Consortium is a tragedy. There's an extremely clever game to be found within, but only when it works. It's just the first part of a planned trilogy, and I have so many questions that I won't be able to help myself, I need to play the second part. But I can only hope that it's not held together by chewing gum and sellotape again.
Consortium is an ingeniously subversive gem, containing enough backstory to fill a Triple-A trilogy while focusing exclusively on an airship crew in distress. The execution is a little clunky at times, but Consortium still has the charm and depth to encourage multiple playthroughs as we wait for the sequel.
CONSORTIUM is a short adventure but with a lot of flexibility in how you can play it and with your choices and actions leading to very different stories.

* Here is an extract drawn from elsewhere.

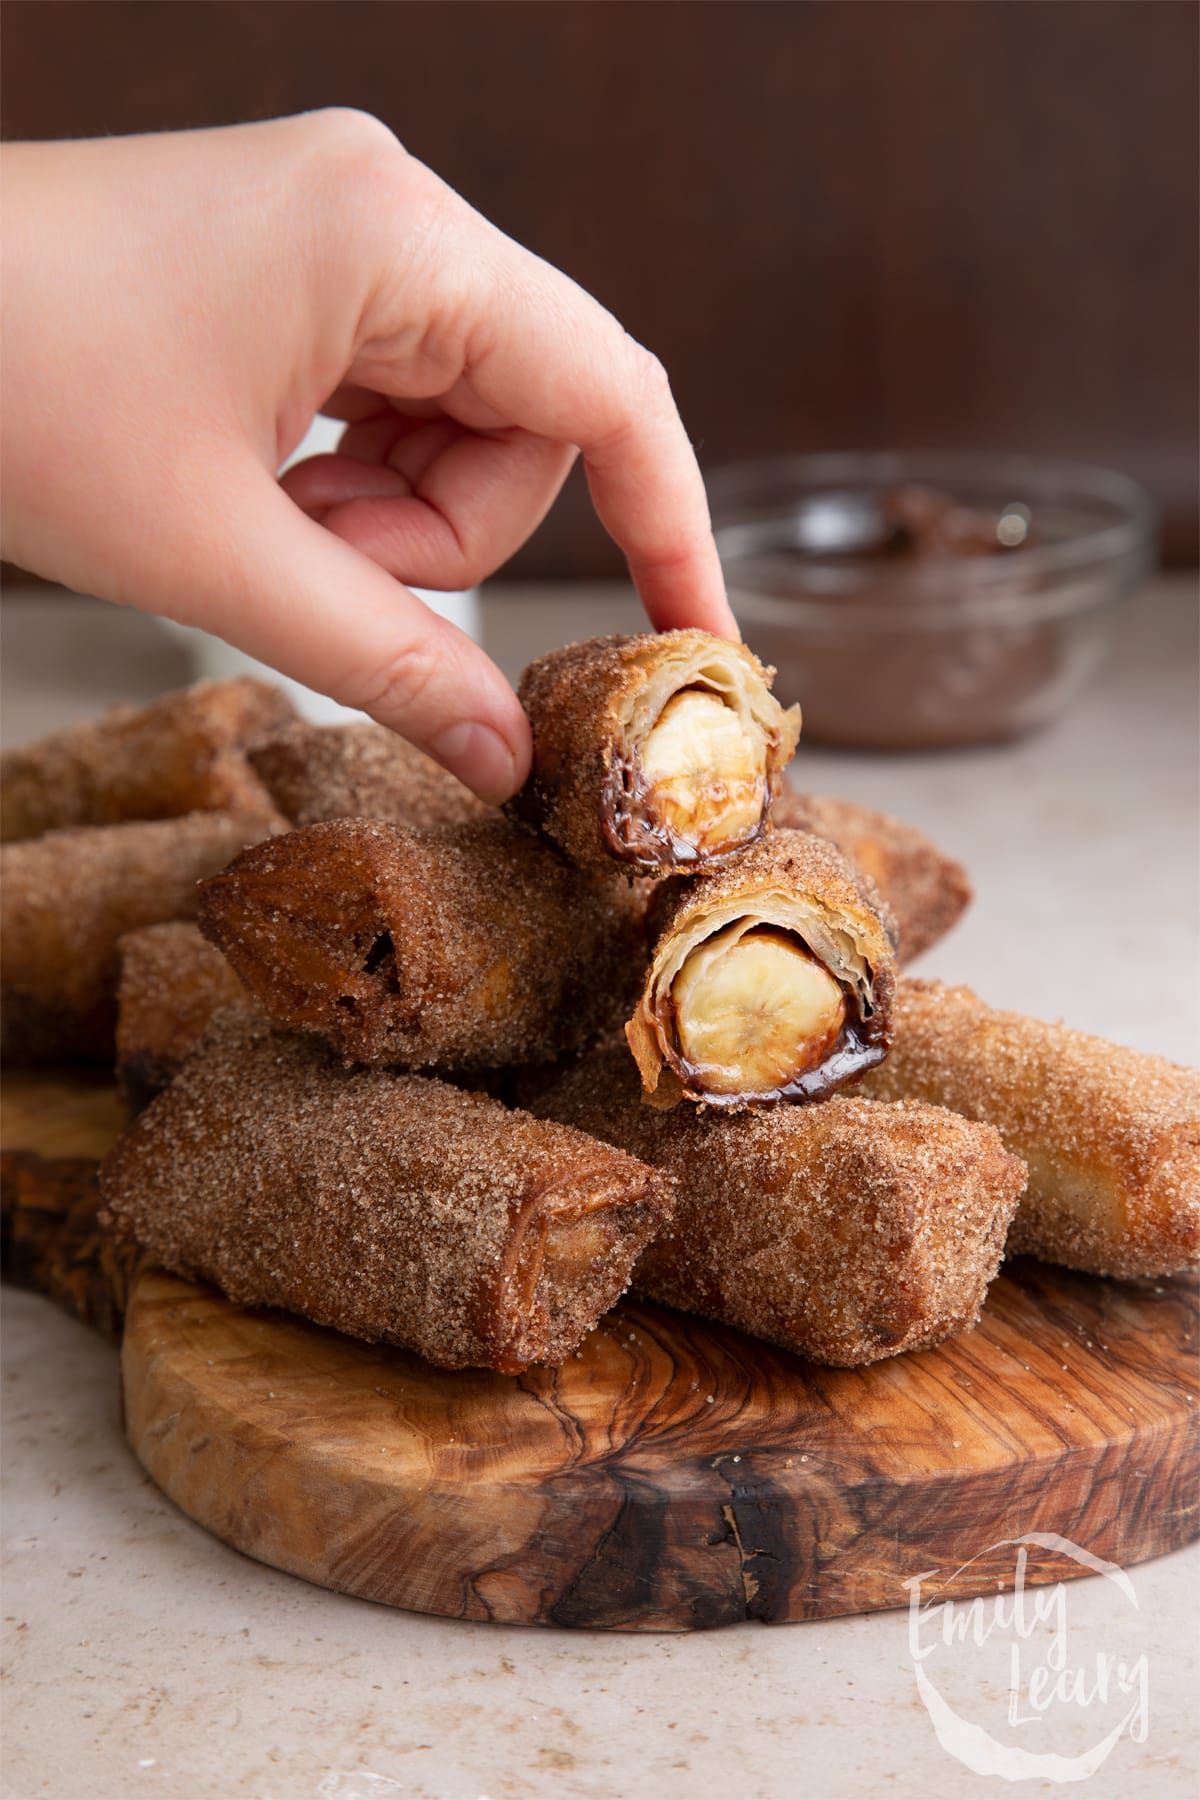 Side on shot of the finished banana chocolate spring rolls on a wooden board with the top roll cut open.

With fairly limited, and entirely optional combat, this is definitely a game for those looking for a good story rather than action. The game has a great cast of well-voiced characters and intriguing plots with plenty of mystery. Whilst the launch was set back by technical issues, these should now be largely resolved by patches.
The overall sci-fi themes are interesting and might lead somewhere, but without tighter mechanics and a broader set of outcomes, Consortium just sits as a wannabe Mass Effect that doesn't quite understand the difference between a game of Guess Who? and a video game.
Consortium is a really immersive role-playing experience that plays like an adventure game set in the early days of the Star Trek universe. It is similar to what a modern incarnation of the classic point-and-click adventures of old should be like, complete with diplomacy and multiple choices with different consequences and end results.
Strangely compelling though it is, Consortium is a roughly-cut venture that doesn't really make use of its ideas. Not recommended unless you're really, really, creepily into dialogue trees.